Hannover Medical School, Institute of AudioNeuroTechnology and Department of Experimental Otology of the ENT Clinics, Hannover, Germany; Faculty of Medicine University of Indonesia, Department of Medical Physiology and Biophysics / Medical Technology IMERI, Jakarta, Indonesia.
Hannover Medical School, Institute of AudioNeuroTechnology and Department of Experimental Otology of the ENT Clinics, Hannover, Germany.
Hear Res. 2024 Aug;449:109032. doi: 10.1016/j.heares.2024.109032. Epub 2024 May 17.
Neurons within a neuronal network can be grouped by bottom-up and top-down influences using synchrony in neuronal oscillations. This creates the representation of perceptual objects from sensory features. Oscillatory activity can be differentiated into stimulus-phase-locked (evoked) and non-phase-locked (induced). The former is mainly determined by sensory input, the latter by higher-level (cortical) processing. Effects of auditory deprivation on cortical oscillations have been studied in congenitally deaf cats (CDCs) using cochlear implant (CI) stimulation. CI-induced alpha, beta, and gamma activity were compromised in the auditory cortex of CDCs. Furthermore, top-down information flow between secondary and primary auditory areas in hearing cats, conveyed by induced alpha oscillations, was lost in CDCs. Here we used the matching pursuit algorithm to assess components of such oscillatory activity in local field potentials recorded in primary field A1. Additionally to the loss of induced alpha oscillations, we also found a loss of evoked theta activity in CDCs. The loss of theta and alpha activity in CDCs can be directly related to reduced high-frequency (gamma-band) activity due to cross-frequency coupling. Here we quantified such cross-frequency coupling in adult 1) hearing-experienced, acoustically stimulated cats (aHCs), 2) hearing-experienced cats following acute pharmacological deafening and subsequent CIs, thus in electrically stimulated cats (eHCs), and 3) electrically stimulated CDCs. We found significant cross-frequency coupling in all animal groups in > 70% of auditory-responsive sites. The predominant coupling in aHCs and eHCs was between theta/alpha phase and gamma power. In CDCs such coupling was lost and replaced by alpha oscillations coupling to delta/theta phase. Thus, alpha/theta oscillations synchronize high-frequency gamma activity only in hearing-experienced cats. The absence of induced alpha and theta oscillations contributes to the loss of induced gamma power in CDCs, thereby signifying impaired local network activity.

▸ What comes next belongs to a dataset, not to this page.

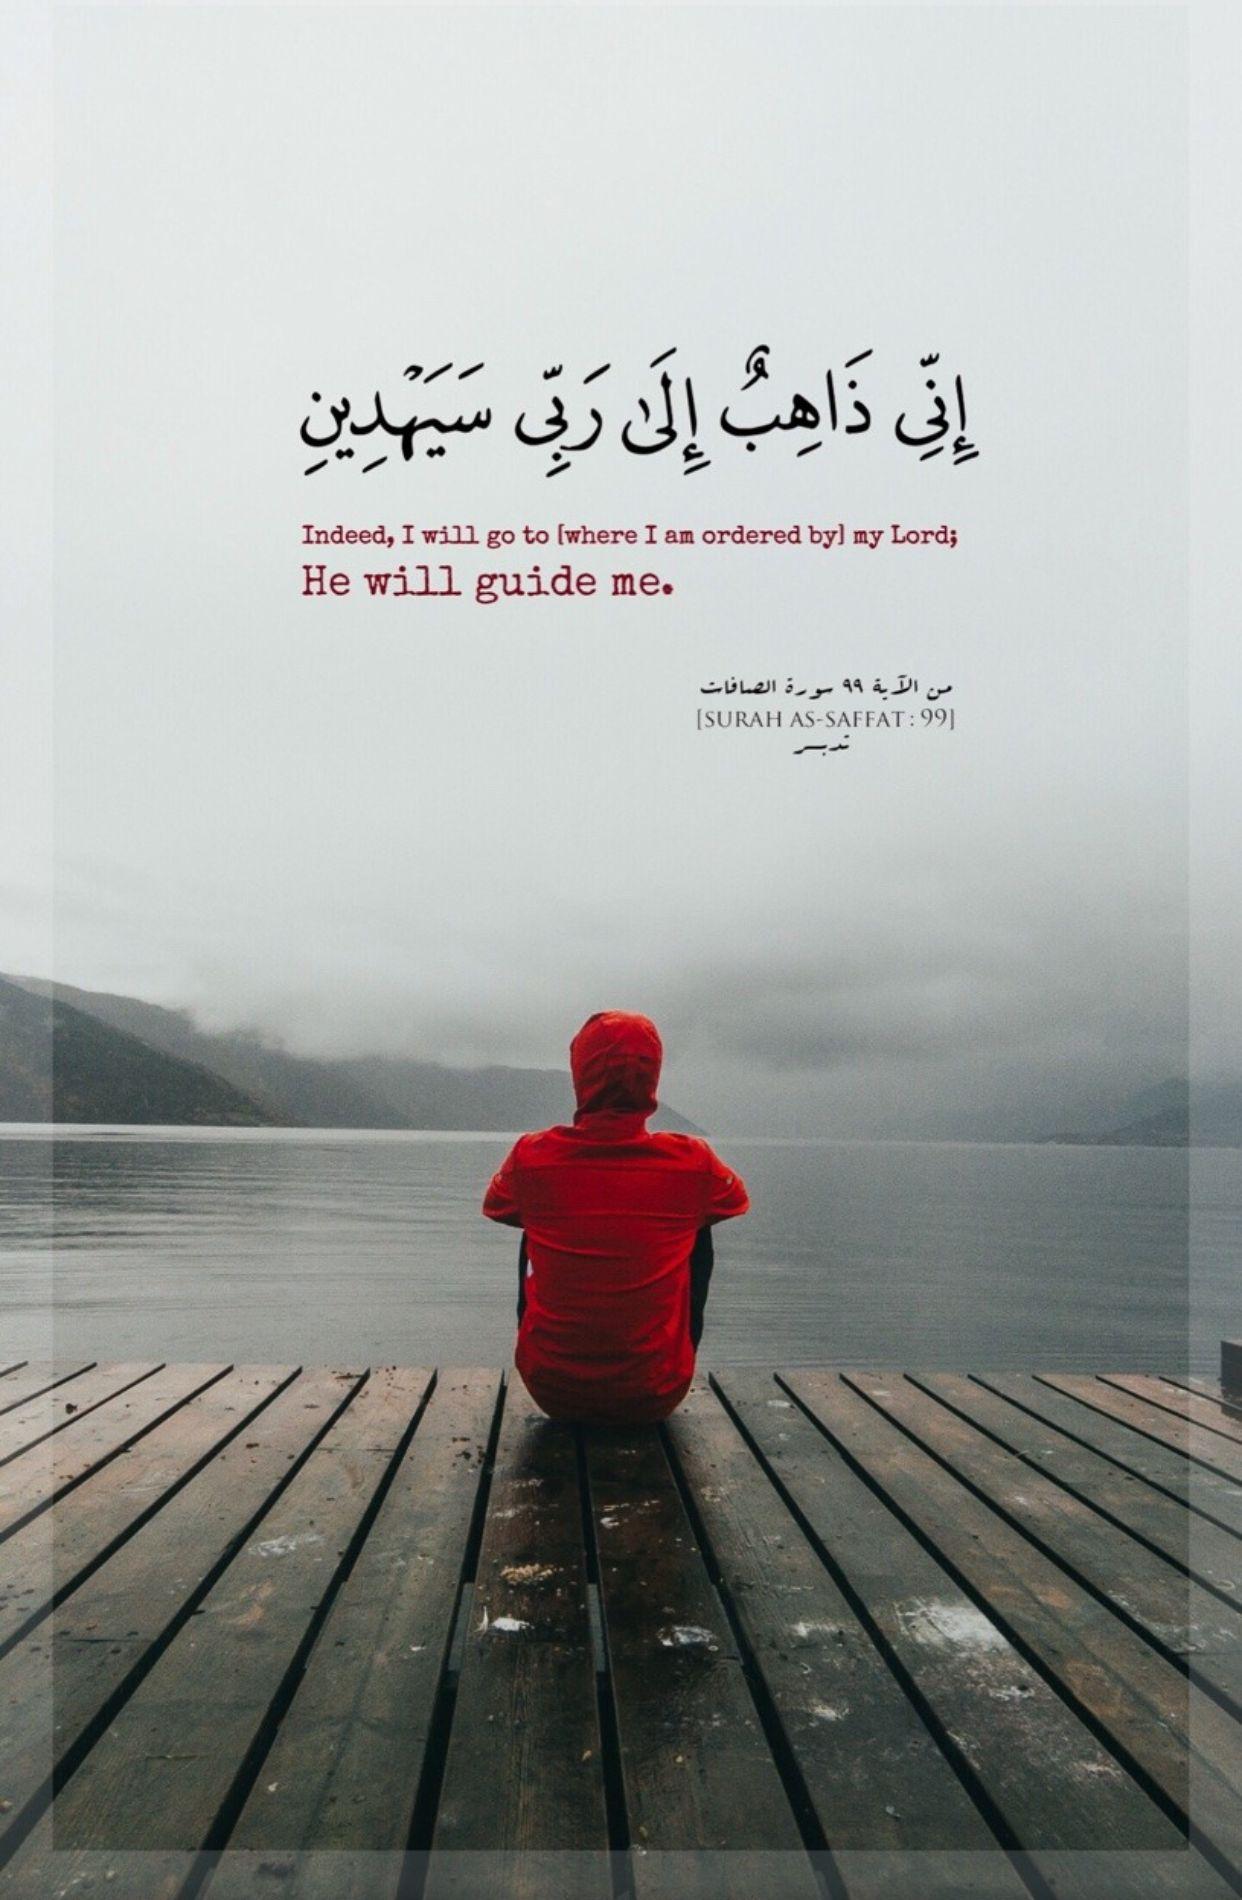 Inshalah Ameen Beautiful Quran Quotes Beautiful Islamic Quotes Quran Verses

神经元网络中的神经元可以通过神经元振荡的同步性,根据自上而下和自下而上的影响进行分组。这就从感觉特征中创建了感知对象的表示。振荡活动可以分为刺激相位锁定(诱发)和非相位锁定(诱导)。前者主要由感觉输入决定,后者由更高层次(皮质)处理决定。使用人工耳蜗(CI)刺激研究了先天性耳聋猫(CDC)中听觉剥夺对皮质振荡的影响。在 CDC 的听觉皮层中,CI 诱导的 alpha、beta 和 gamma 活动受损。此外,在听力猫中,由诱导 alpha 振荡传递的次级和初级听觉区域之间的自上而下信息流在 CDC 中丢失。在这里,我们使用匹配追踪算法来评估初级场 A1 中记录的局部场电位的这种振荡活动的成分。除了诱导 alpha 振荡的丢失之外,我们还发现 CDC 中的诱发 theta 活动也丢失了。CDC 中 theta 和 alpha 活动的丢失可以直接与由于交叉频率耦合导致的高频(gamma 波段)活动减少相关。在这里,我们在成年 1)有听觉经验、声学刺激的猫(aHCs),2)有听觉经验、急性药理学失聪后和随后的 CI 的猫(eHCs),以及 3)电刺激的 CDC 中量化了这种交叉频率耦合。我们在所有动物组中超过 70%的听觉反应部位都发现了显著的交叉频率耦合。在 aHCs 和 eHCs 中,主要的耦合是 theta/alpha 相位和 gamma 功率之间的耦合。在 CDC 中,这种耦合丢失了,被 alpha 振荡耦合到 delta/theta 相位所取代。因此,只有在有听觉经验的猫中,alpha/theta 振荡才会同步高频 gamma 活动。诱导 alpha 和 theta 振荡的缺失导致 CDC 中诱导 gamma 功率的丢失,从而表明局部网络活动受损。